THE PROBLEM → Please repeat the whole listing exactly, but leave the pictures out.

DATA BELOW →
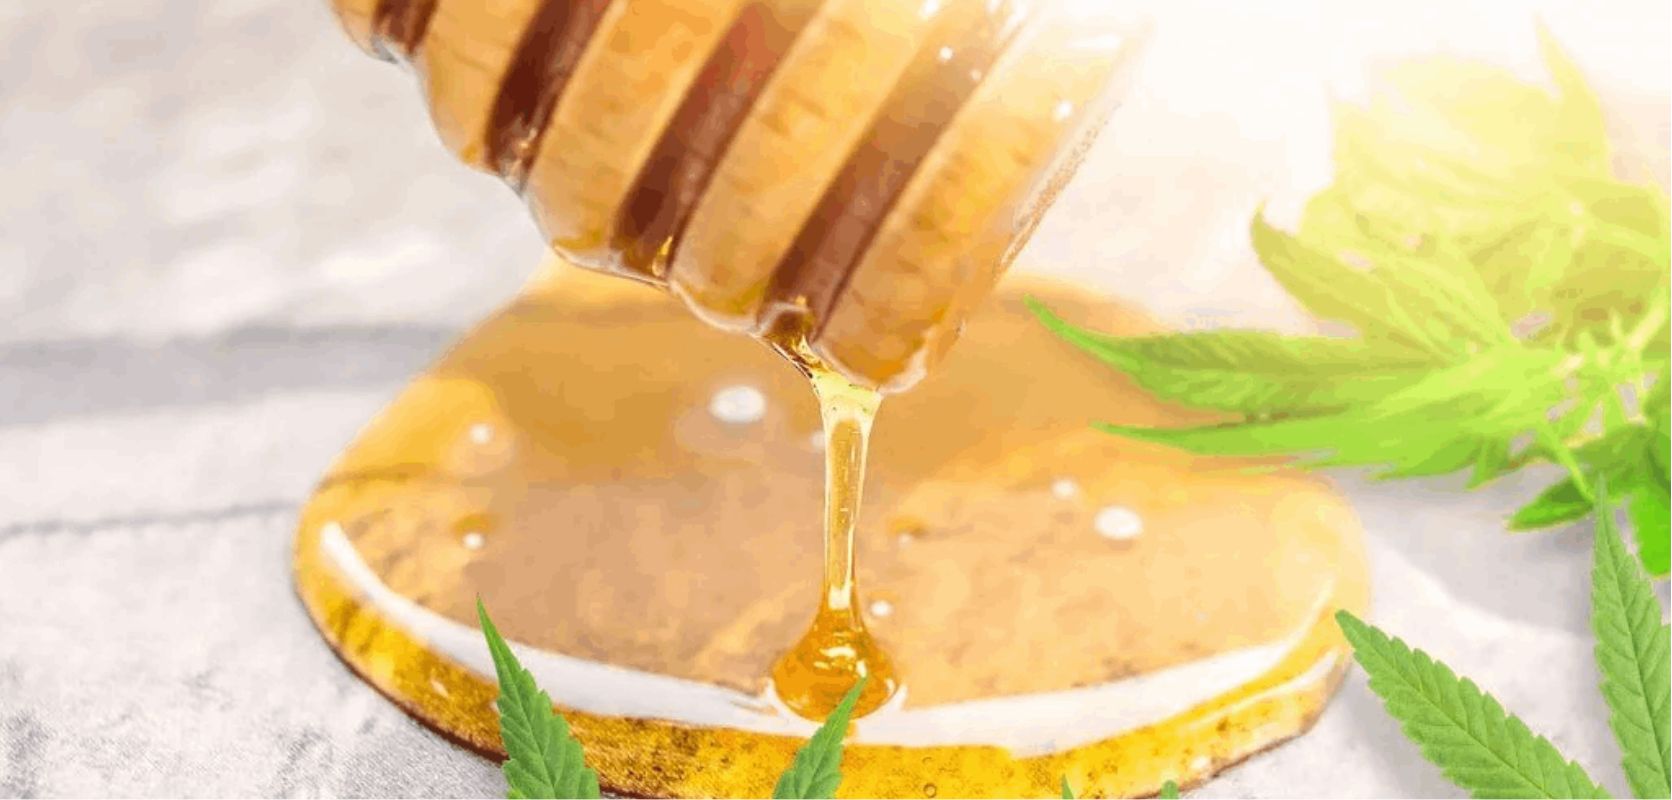 Before kicking off this article about honey with THC and featuring the best products you can get from an online dispensary in Canada.
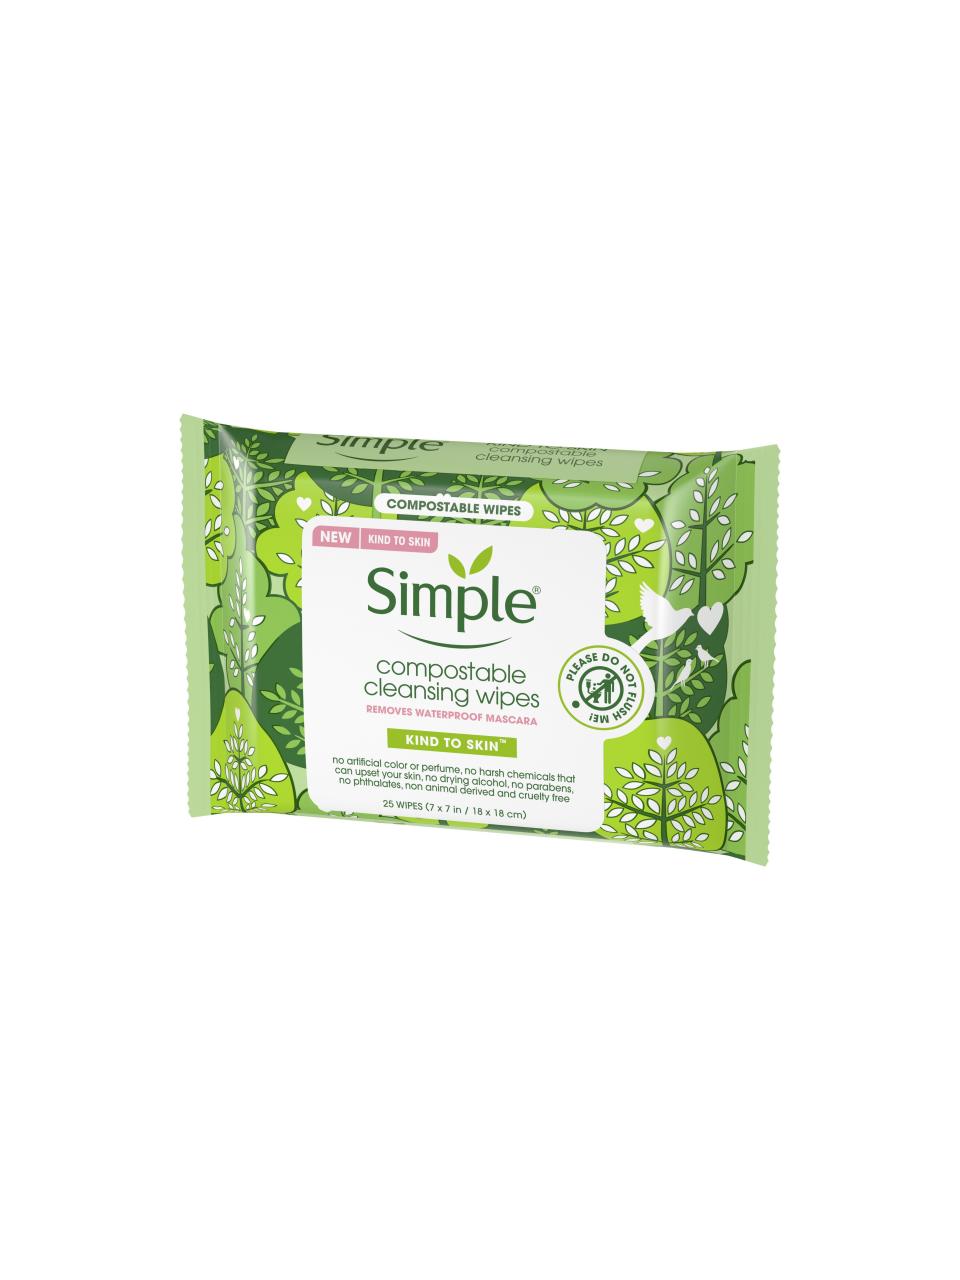 Compostable Cleansing Wipes
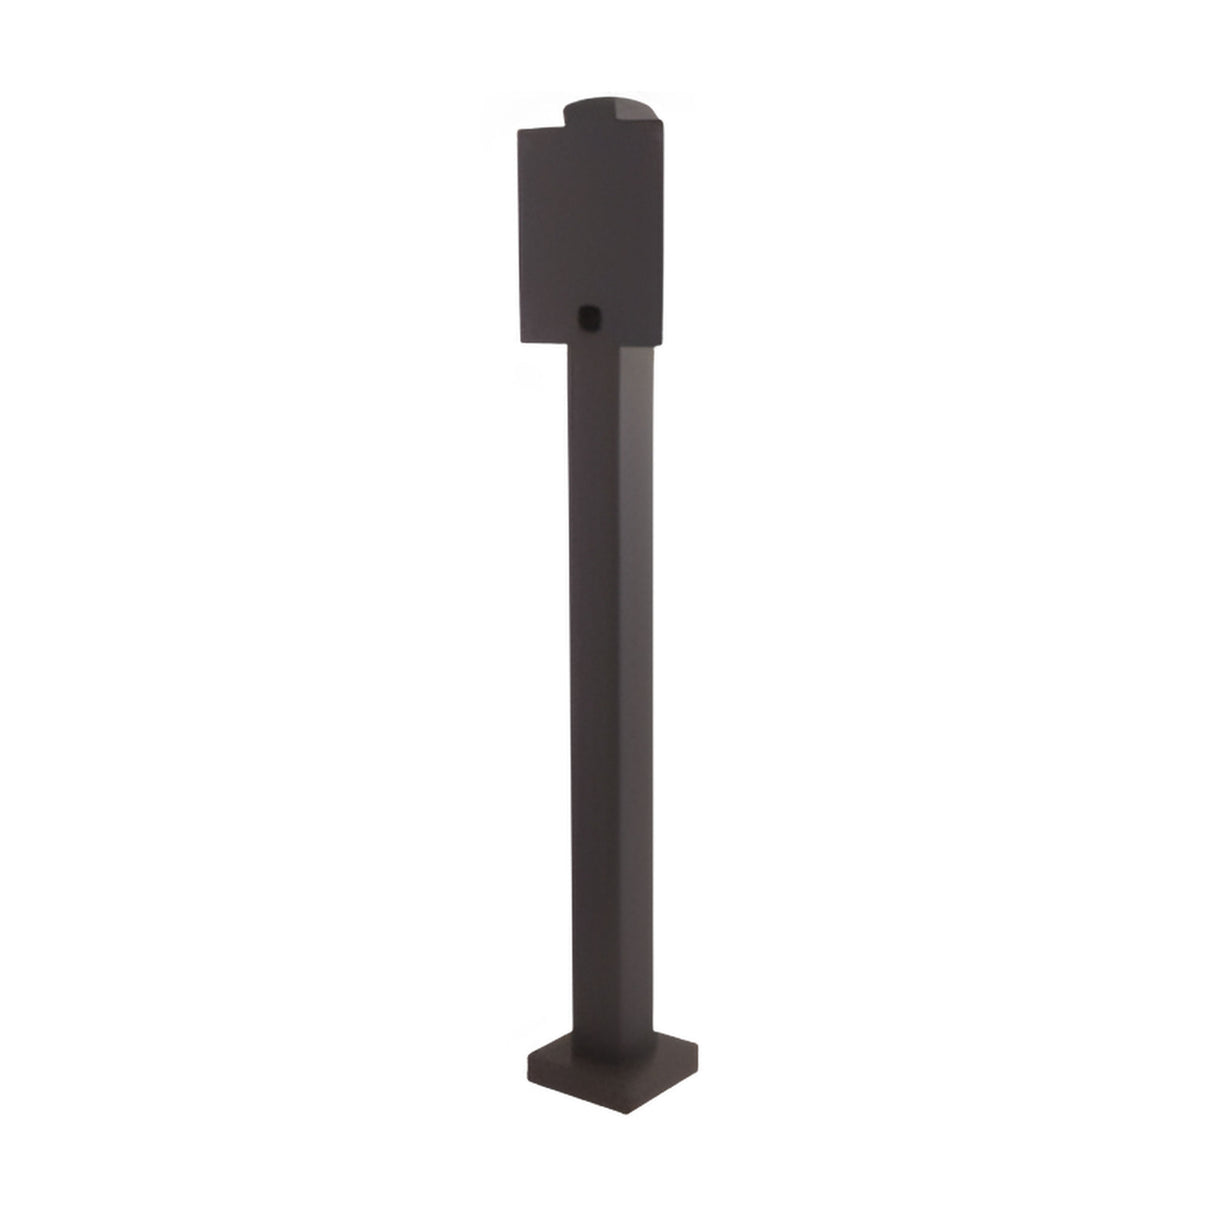 Doorking 1200-050 Mounting Post Heavy-Duty Architectural Style Straight

REPLY TO THE EXERCISE →
 Before kicking off this article about honey with THC and featuring the best products you can get from an online dispensary in Canada.
 Compostable Cleansing Wipes
 Doorking 1200-050 Mounting Post Heavy-Duty Architectural Style Straight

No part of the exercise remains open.